Dr Greenwood says while the Government green paper was ‘disappointing’ for its omission of details about steel, he is hopeful his findings will be taken into consideration by the Government as future industrial strategy is drawn up. He says the idea of a national industrial strategy has only been welcomed by Government in relatively recent times as work on the report was progressing.
“It is about state intervention. For Conservative governments by and large it has been off the table, even Labour governments have not been willing more recently to operate an industrial strategy. Towards the end of 2015, the steel crisis really began. Teesside was badly affected and Tata decided it was possibly going to divest itself. Lots of jobs were on the line. That for the Government was very embarrassing and really pushed them into having to act. If the Government is committed to a strategic approach to the UK steel industry, not quick fixes, then negotiations between the industry and the Government to what steel looks like post-Brexit should follow. I’m optimistic as it seems leading politicians do understand or are beginning to understand.”
‘Don’t repeat the loss of the coal industry’
A Yorkshire MP has warned the Government must not let steel-making go the way of the coal industry.
John Healey, a member of the APPG group and MP for Wentworth & Dearne, which includes Tata Steel’s Aldwarke plant, says: “No one in South Yorkshire forgets the damage Margaret Thatcher’s Tory government did to the coal industry.

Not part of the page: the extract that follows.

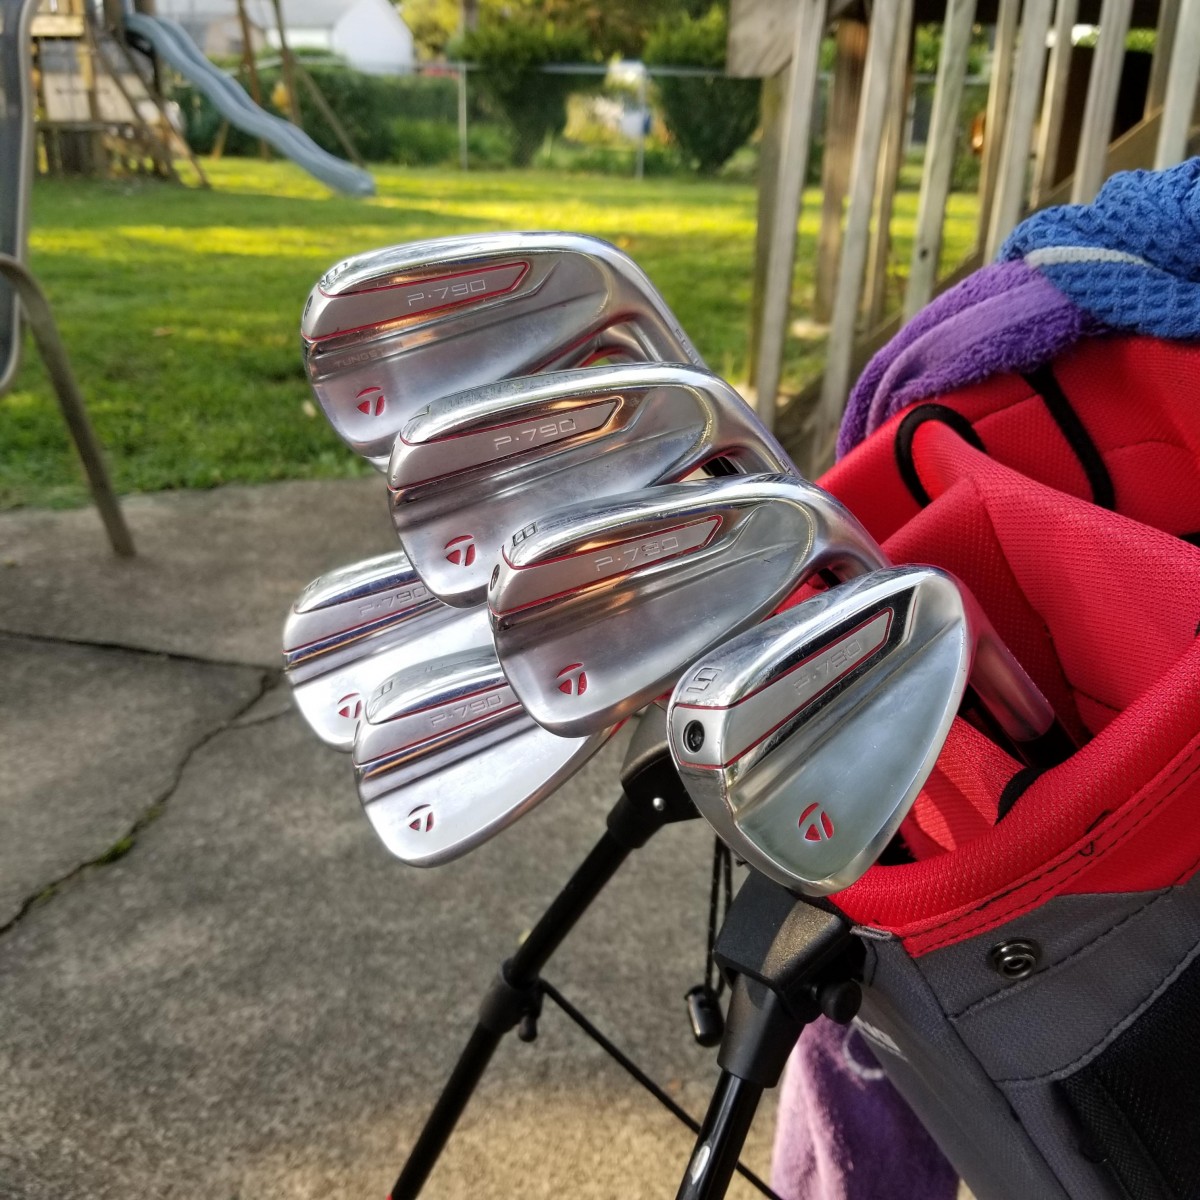 Paint Fill on Irons and wedges - Golf Clubs - MyGolfSpy Forum

Whole communities had their economic livelihood taken away and we’re still feeling the effects more than 30 years later.
“We can’t let the same thing happen to the steel industry and its highly skilled workers.
“UK steel-making is a foundation for much of our wider world-class British manufacturing and no modern country can flourish without steel as one of its strategic industries.
“We need a bold, risk-taking government that stands shoulder to shoulder with business in the creation of new jobs and industries.”